Court Opinion

ID: 9792215
Source: CourtListenerOpinion
Date Created: 2023-08-31 02:25:15.642149+00
Date Added: 2024-06-11T07:37:41.198818
License: Public Domain

SCHAUER, J., Dissenting.
I do not agree that (p. 561 supra, italics added) “it is the right and the duty of a judge to conduct a trial” in the manner stated in the opinion or otherwise. People v. Martinez (1952), 38 Cal.2d 556, 564 [241 P.2d 224], quoting People v. Mendez (1924), 193 Cal. 39, 46 [223 P. 65], cited in the opinion, is not authority for the above quoted statement. The right or duty the Martinez ease speaks of is “to so supervise and regulate the course of a trial that the truth shall be revealed in so far as it may be, within the established rules of evidence.” (Italics added.) To “supervise and regulate the course of a trial” is quite a different thing from assuming to himself “conduct a trial.” The latter practice should be disapproved and discouraged rather than approved and encouraged.
A vice of the practice depicted by the record is that, however proper may have been the motive of the trial judge, *561the effect of his intervention must almost certainly have tended to deprive the defendant of a fair trial. It tended to deprive the defendant of a fair trial not merely because of the content and improper implications of some of the judge’s questions and statements but because it must have appeared to the jury that the judge was throwing the prestige of his position to the support of the prosecution.
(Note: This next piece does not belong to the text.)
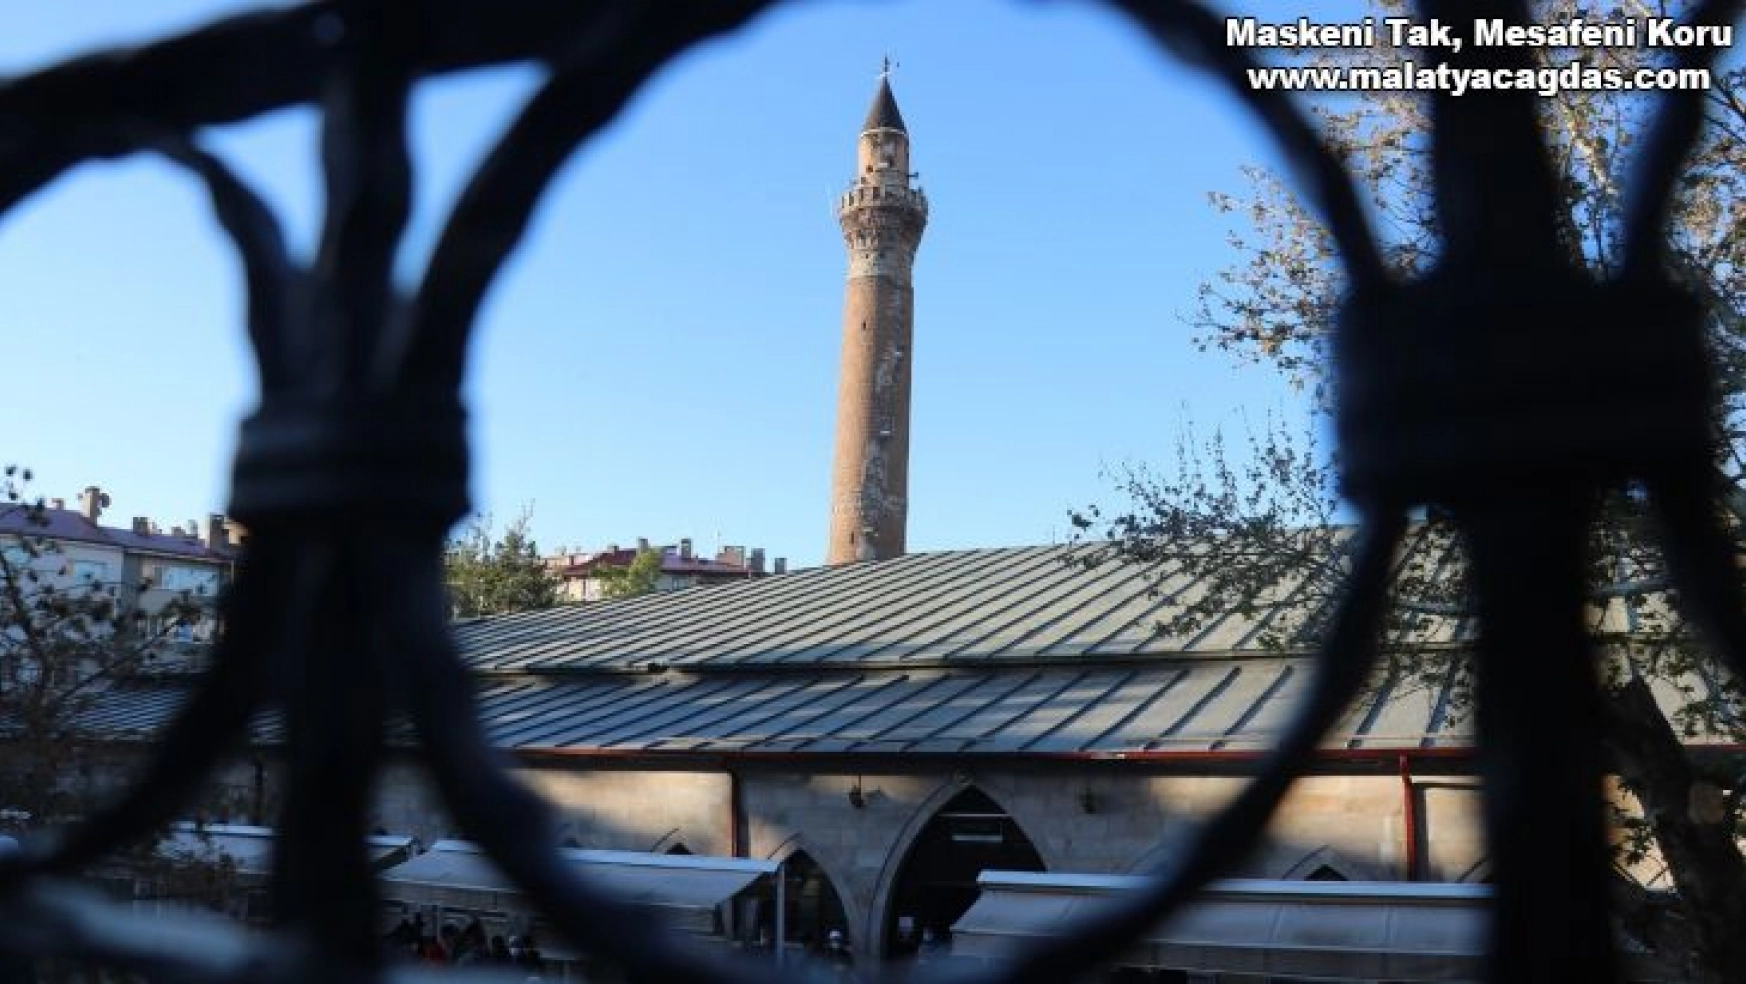 825 yıllık Ulu Camii'nde bayram namazı

Trial by jury means that issues of fact shall be resolved by the jury on the evidence under the law. On the record here, the influence of the judicial mien can well have been the deciding factor; such influence is not lawful evidence.
For the reasons indicated above, .and on the grounds more completely related in the opinion of Mr. Justice Peek, dissenting in the District Court of Appeal (reported in (Cal.App.) 302 P.2d 371, 385), I would reverse the judgment.